Slurm issues on LUMI¶

Note: Use sbatch --version to check the version of Slurm.

Wrong allocations on small-g when requesting 1 CPU per task¶

Observed on Slurm 22.05.8.

When requesting a GPU allocation requesting only 1 CPU per task with --cpus-per-task=1 and requesting GPUs with --gpus-per-task, we get invalid allocations at least when the job has to span multiple nodes. The problems disappear as soon as a value larger than 1 is used for --cpus-per-task.

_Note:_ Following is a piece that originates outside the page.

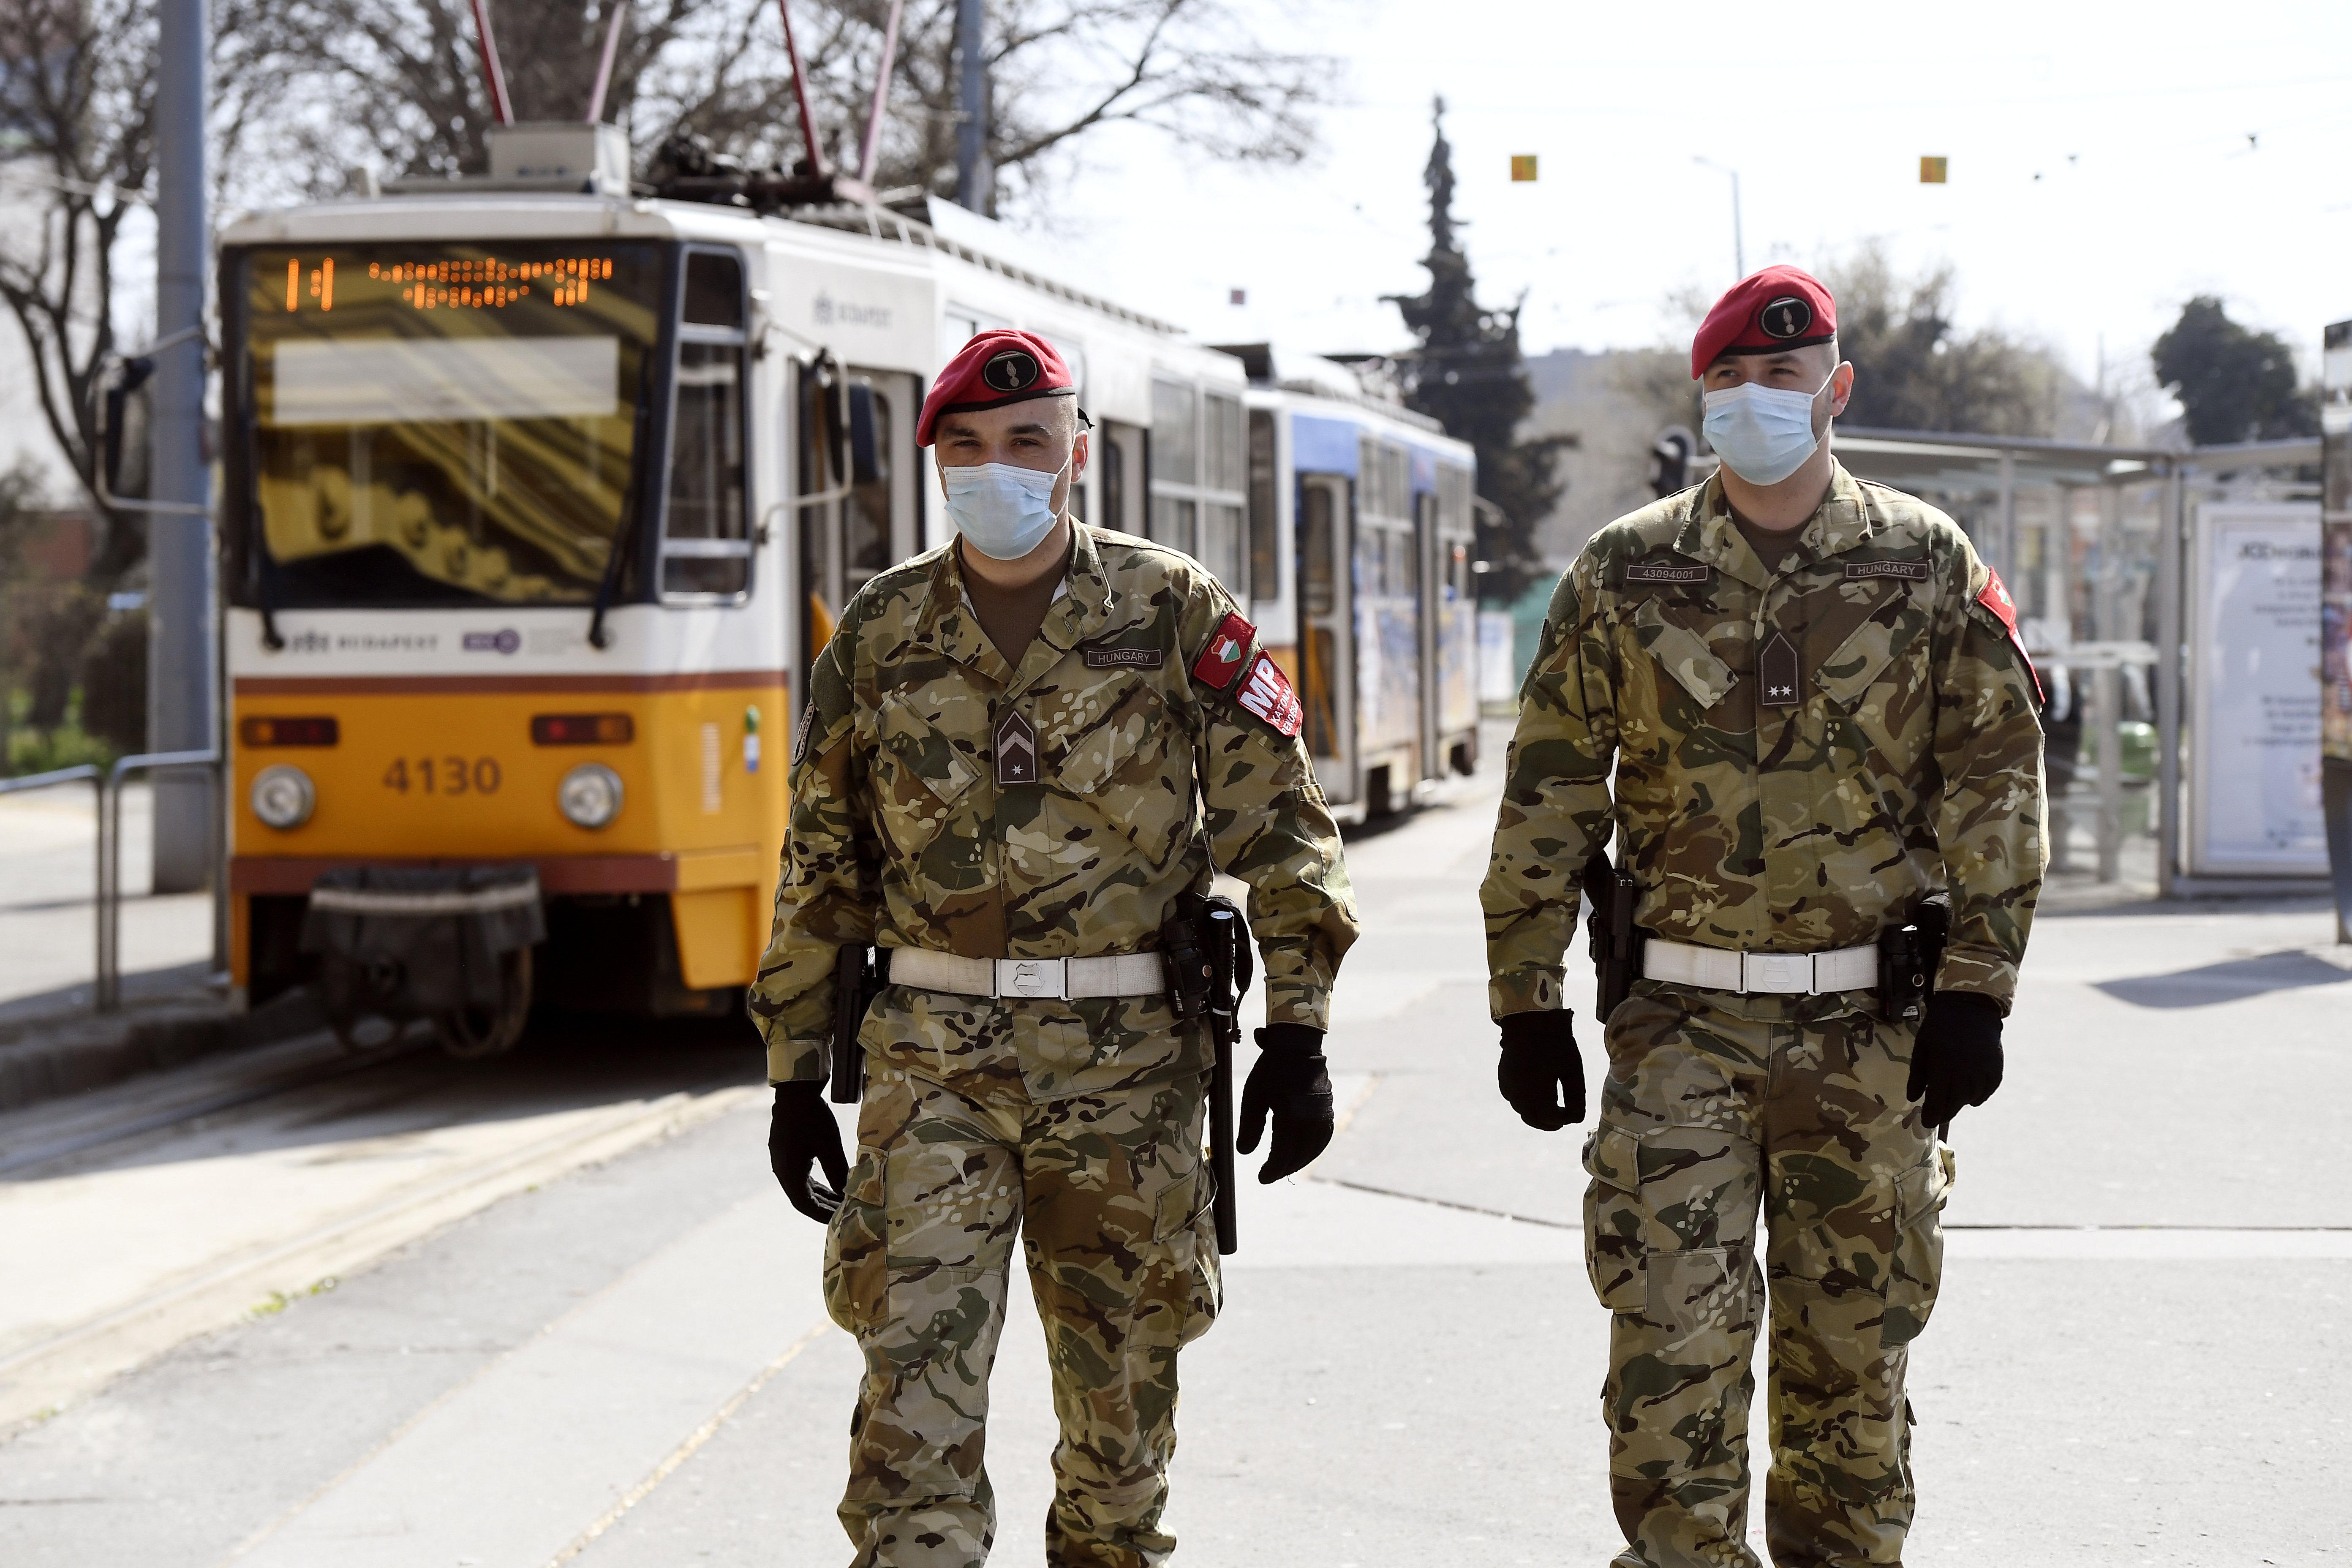 Újabb kormányrendeletek: túlórázhatnak a rendőrök, katonák, idősotthonban dolgozók

Sample job script showing the bug

#! /bin/bash
#SBATCH --job-name=map-smallg-1gpt-error
#SBATCH --output %x-%j.txt
#SBATCH --partition=small-g
#SBATCH --ntasks=12
#SBATCH --cpus-per-task=1
#SBATCH --gpus-per-task=1
#SBATCH --hint=nomultithread
#SBATCH --time=5:00

module load LUMI/22.12 partition/G lumi-CPEtools/1.1-cpeCray-22.12

echo "Requested resources as reported through SLURM_ variables:"
echo "- SLURM_NTASKS: $SLURM_NTASKS"
echo "- SLURM_CPUS_PER_TASK: $SLURM_CPUS_PER_TASK"
echo "- SLURM_GPUS_PER_TASK: $SLURM_GPUS_PER_TASK"
echo "Distribution based on SLURM_ variables:"
echo "- SLURM_JOB_NUM_NODES: $SLURM_JOB_NUM_NODES"
echo "- SLURM_JOB_NODELIST: $SLURM_JOB_NODELIST"
echo "- SLURM_TASKS_PER_NODE: $SLURM_TASKS_PER_NODE"
echo "- SLURM_JOB_CPUS_PER_NODE: $SLURM_JOB_CPUS_PER_NODE"
echo
echo "Control: All SLURM_ and SRUN_ variables:"
env | egrep ^SLURM_
env | egrep ^SRUN_
echo
echo -e "Control: Job script\n\n======================================================"
cat $0
echo -e "======================================================\n"

set -x
srun -n $SLURM_NTASKS -c $SLURM_CPUS_PER_TASK --gpus-per-task=$SLURM_GPUS_PER_TASK gpu_check -l
set +x

/bin/rm -f select_gpu_$SLURM_JOB_ID echo_dev_$SLURM_JOB_ID

Workaround: Use a value larger than 1 for --cpus-per-task. A pure MPI application will not use the additional CPU cores, but since in an ideal case a CCD should not be used by more than 1 task unless the GPU is also shared by multiple tasks.